Execute the plotAngularSpeeds.py script. You will need to have numpy, scipy and matplotlib. The script will first show the average angular speeds graph from the paper, but it will also show average angular accelerations and jerks.
First, generate the position csv files by running createCsvFiles.py. You will need to have bvhTools installed. You can easily install it with:
pip install bvhTools
This will generate two new folders inside the acted and genuine bvh folders, containing the csv files with the joint positions in every frame.
Then, execute the plotSpeeds.py script. You will need to have numpy, pandas, scipy and matplotlib. The script will first show the average speeds graph from the paper, but it will also show average accelerations and jerks.
Note: The graphs involving Mixamo animations can not be directly reproduced, as they need the animations from Mixamo, which cannot be redistributed without permission. You can download those animations from Mixamo and edit the scripts to do so. First search the keyword "idle" in Mixamo, and then extract the following animation clips to BVH.
- Catwalk idle
- Catwalk idle 01
- Catwalk idle 02
- Standing idle
- Idle (the first 5 animations that appear in Mixamo)
- Standard idle
- Unarmed idle 01 (2 animations)
- Warrior idle
- Neutral idle
- Wheelbarrow idle has been discarded because it has a different structure
After putting these 14 animations into a folder named mixamo, you can run createCsvFiles.py again, but just with the last uncommented part, so you calculate forward kinematics on mixamo animations.
Then, run normalizeMixamoCsv.py to normalize all the animations. (You will need the bvh python package: you can install it with pip install bvh)
After this preprocessing, you will be able to run mixamoPlotAngularSpeeds.py and mixamoPlotSpeeds.py, to reproduce the following two graphs from the paper.
These plots need functionalities from sklearn and UMAP to work properly. Install them with pip install scikit-learn, pip install umap-learn. clustering.py also needs the bvhTools package: pip install bvhTools.
The PCA, t-SNE and UMAP plots depicting the lower dimension representation of real and acted instances can be reproduced running the clustering.py script. By changing the mode variable in the top of the script, the user can choose between linear and angular time derivatives. Also, by changing the derivative variable, the user can choose between using speeds, accelerations or jerks.

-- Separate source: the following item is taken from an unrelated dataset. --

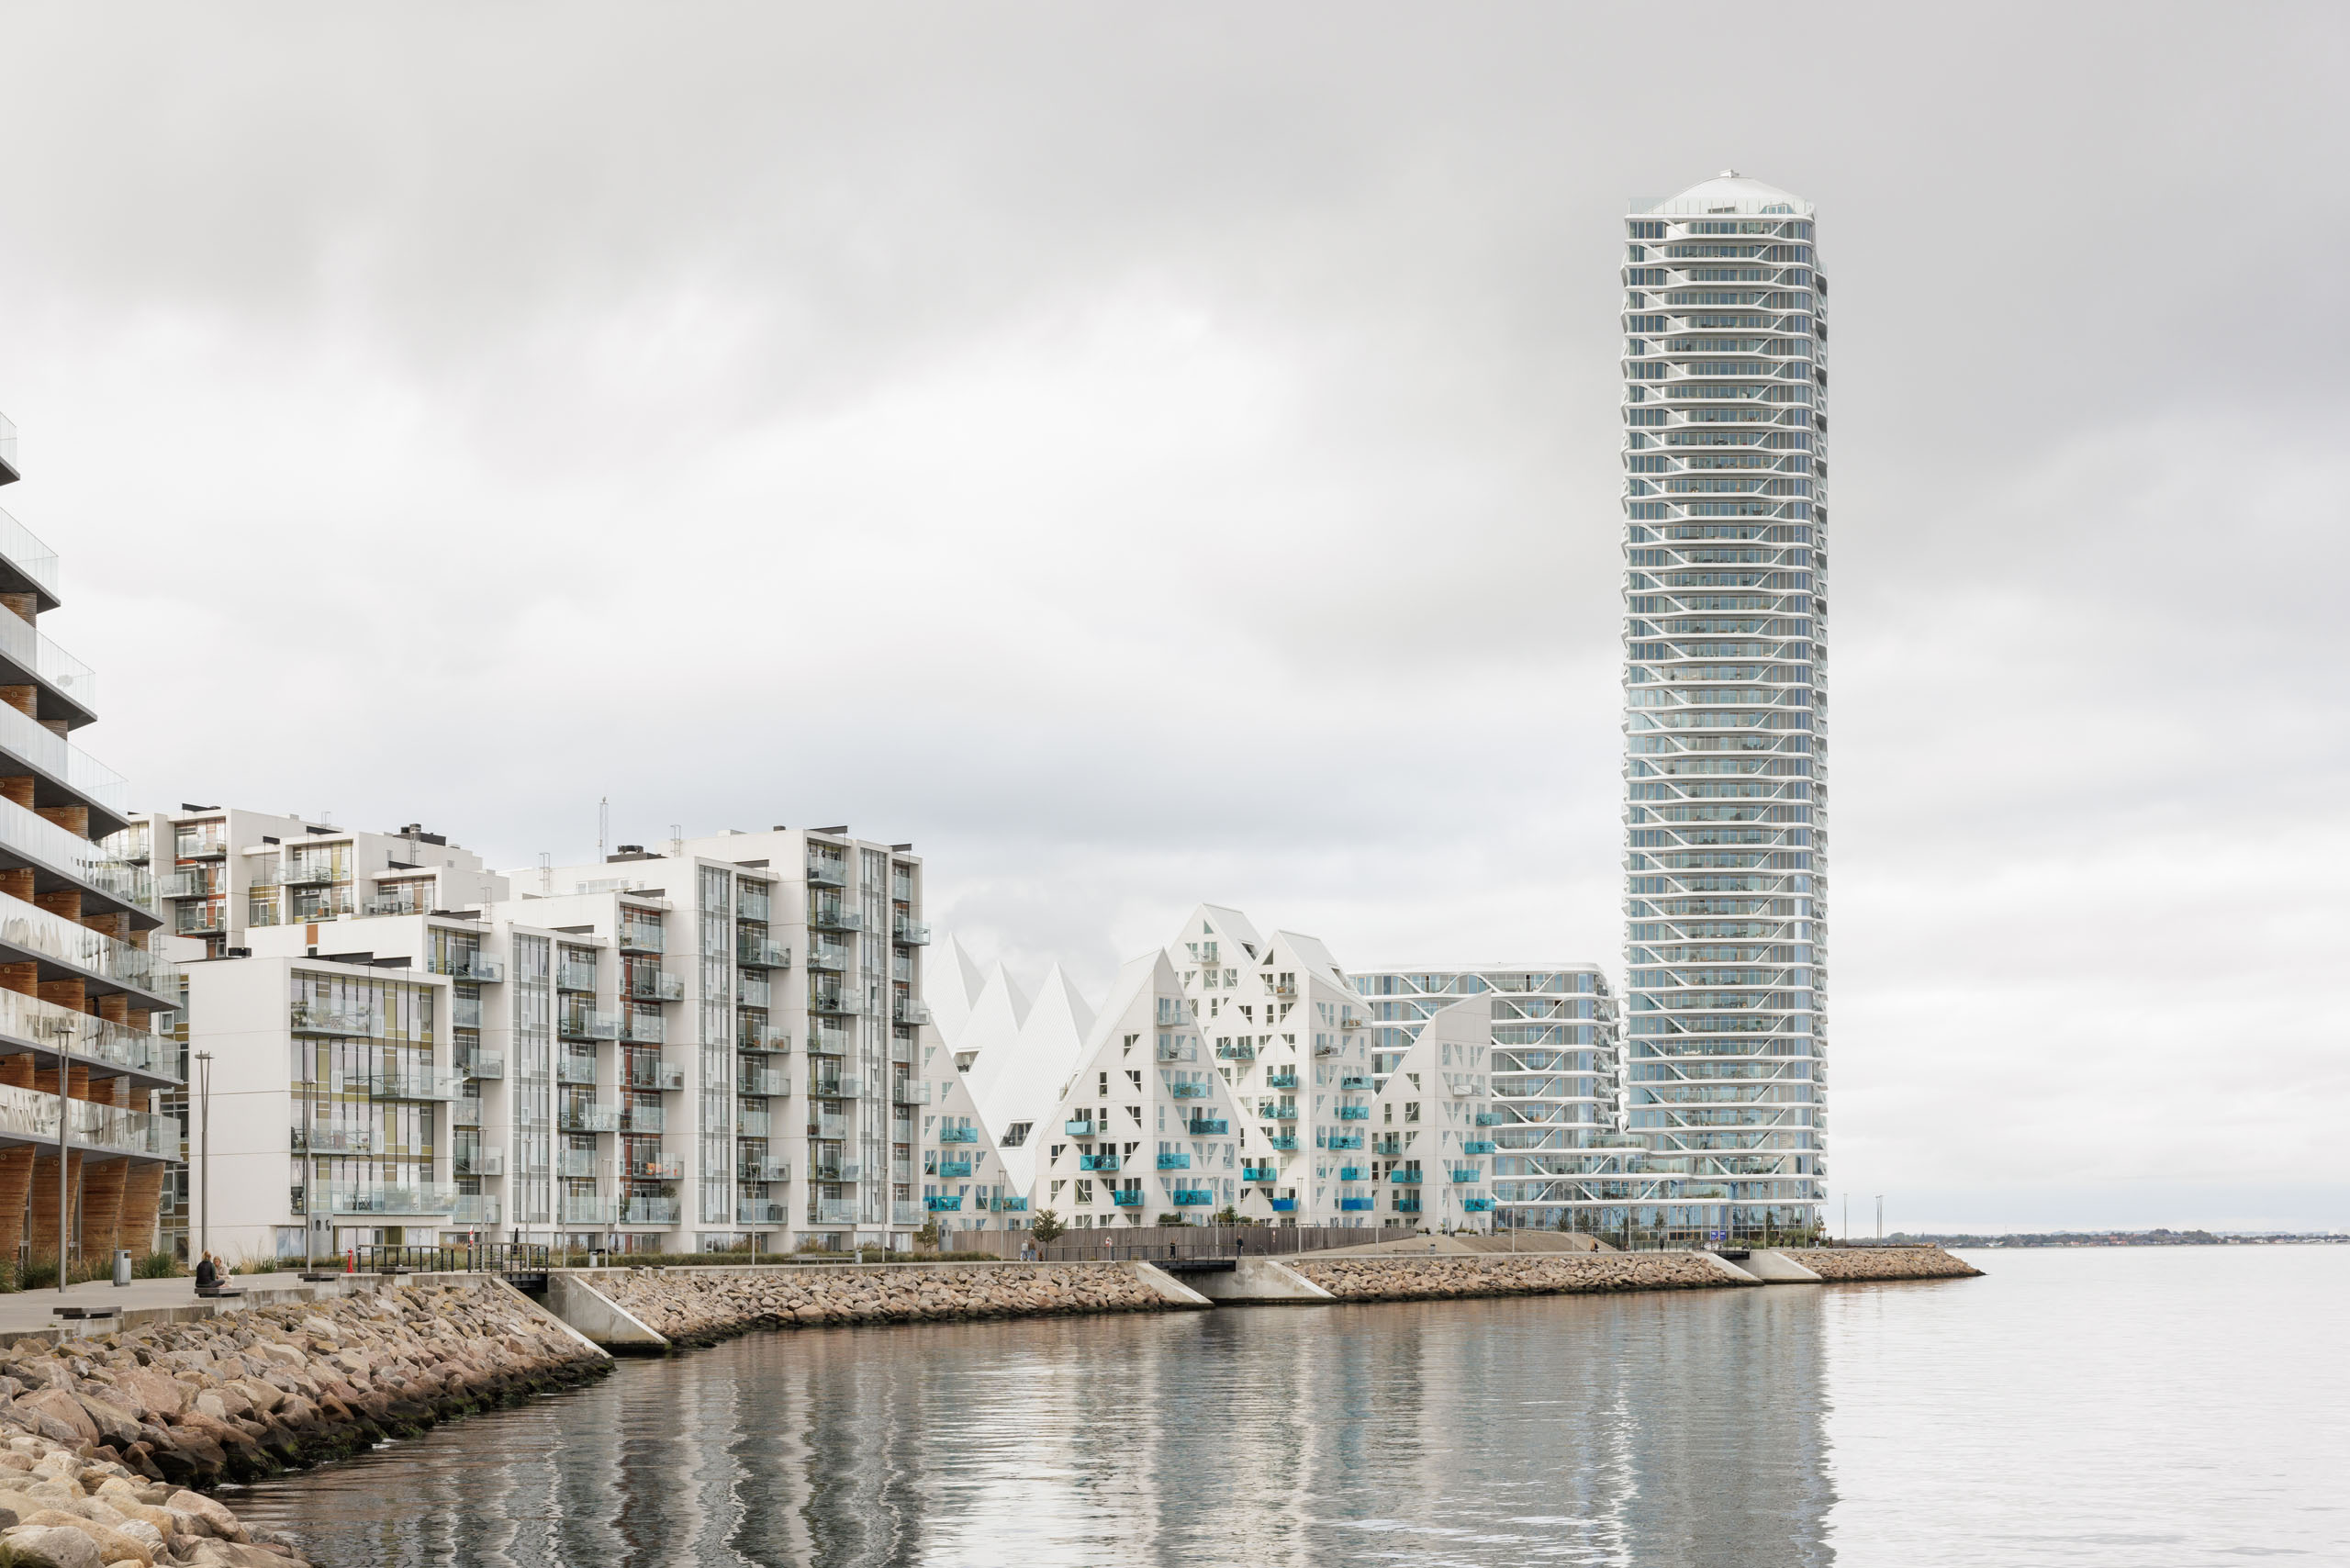 Philippe Corthout + CEBRA + JDS Architects + Louis Paillard + SeARCH

The following plots are example PCA, t-SNE and UMAP representations using angular speeds.
PCA
t-SNE
UMAP
The PCA, t-SNE and UMAP plots depicting the lower dimension representation of real, acted and Mixamo instances can be reproduced running the clustering_mixamo.py script. Again, the Mixamo animations have to be downloaded from the mixamo repository, as explained here.

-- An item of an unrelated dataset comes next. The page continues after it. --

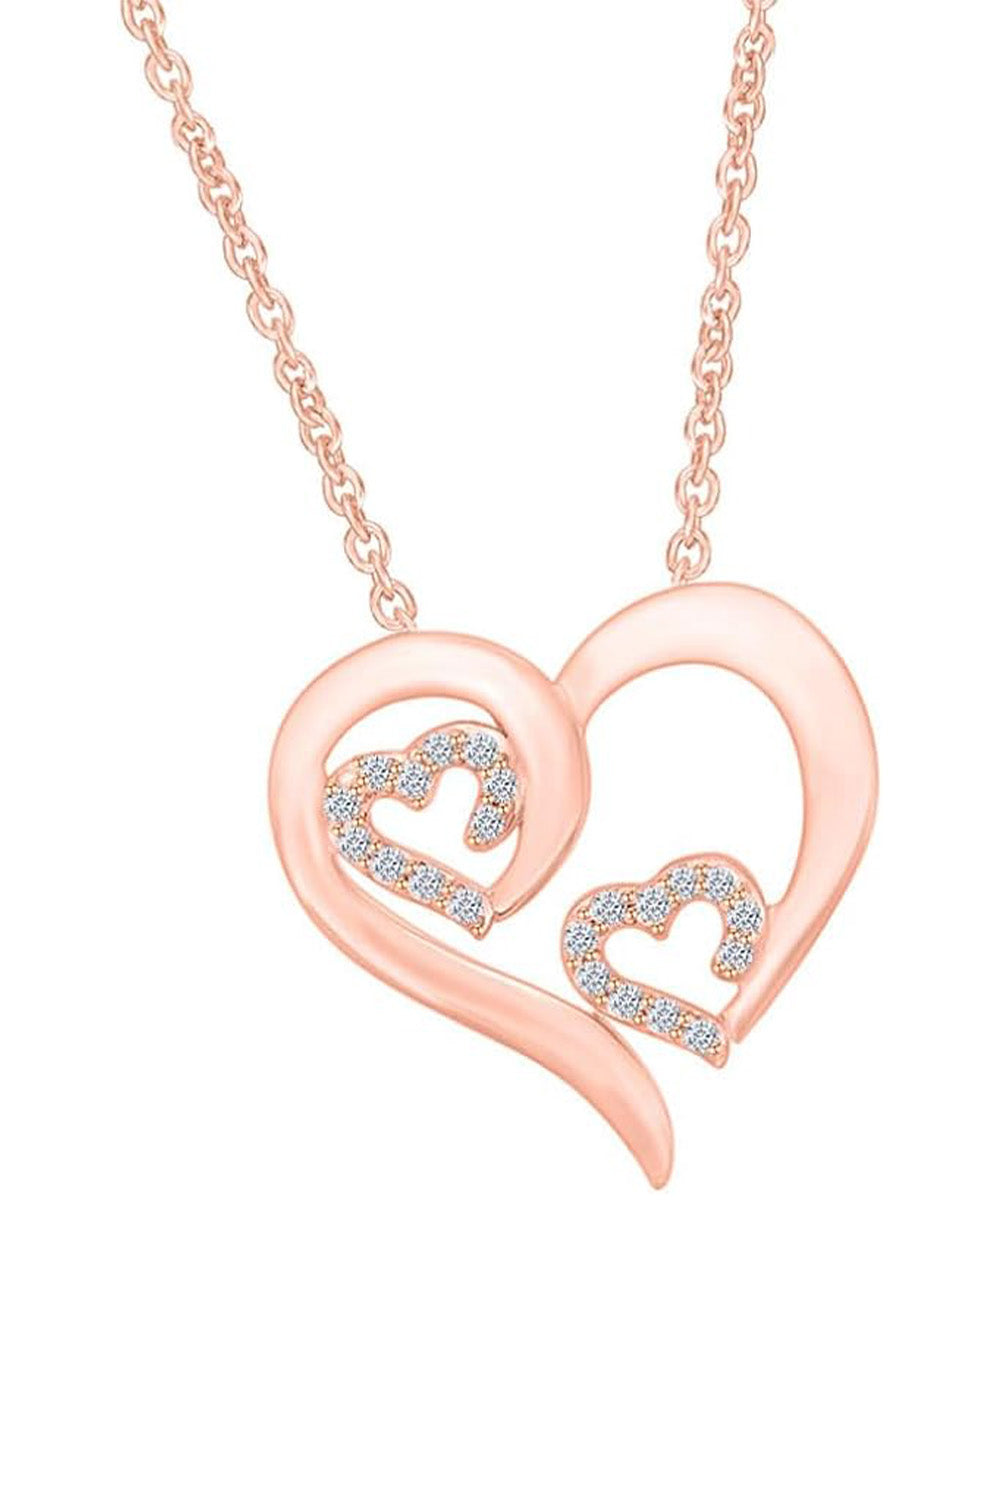 Rose Gold Color Triple Heart Pendant Necklace, Buy Pendant Online

Finally, by changing the derivative variable, the user can choose between using angular speeds, angular accelerations and angular jerks.
The following plots are example PCA, t-SNE and UMAP representations using angular speeds.
PCA
t-SNE
UMAP
The dataset provided in this repository is released under the MIT License.

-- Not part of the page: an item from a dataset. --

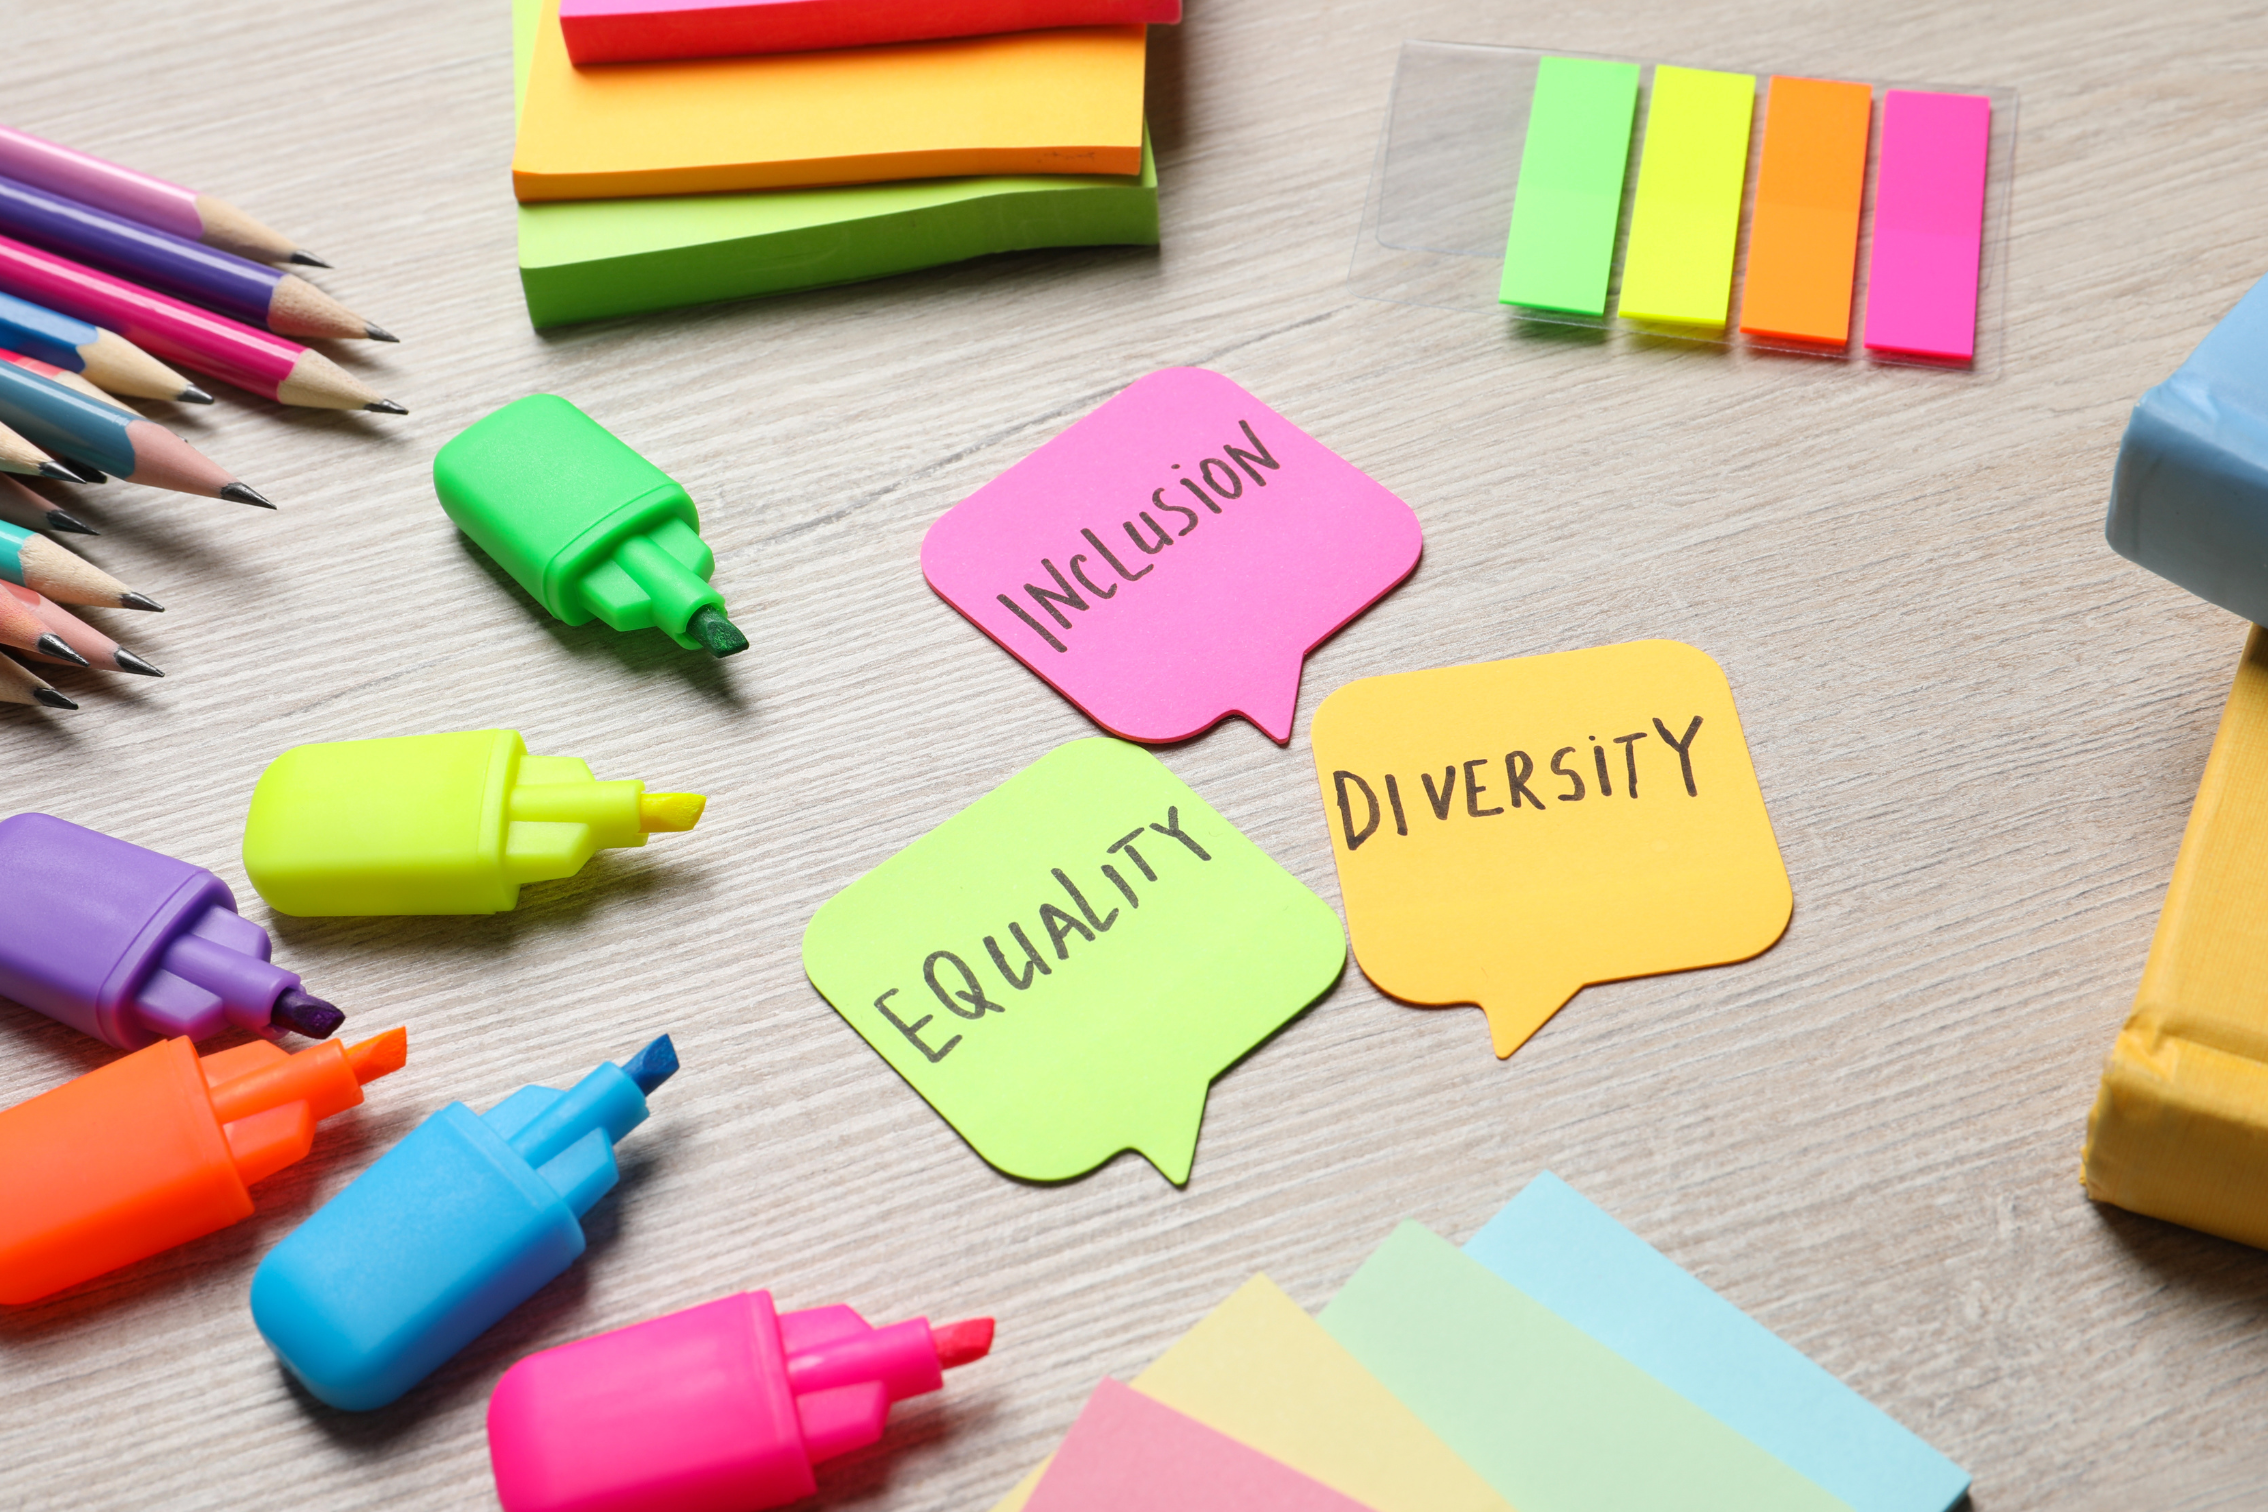 Auf dem Symbolbild sind Notizzettel, Textmarker-Stifte, Bleistifte in verschiedenen Formen und neonfarben abgebildet. In der Mitte finden sich die Worte Diversity, Equity, Inclusion auf je einem sprechblasenförmigen Notizzettel.

You are free to use, copy, modify, merge, publish, distribute, sublicense, and/or sell copies of the dataset, under the conditions outlined in the MIT License.
See LICENSE.txt for full license text.
The following videos contain some extracts of the dataset. Would you be able to determine whether each video corresponds to a real or and acted sample?
00.mp4
04.mp4
01.mp4
05.mp4
02.mp4
06.mp4
03.mp4
The first one is an acted sample, the second one a real one, and so on. Aren't they indistinguishable?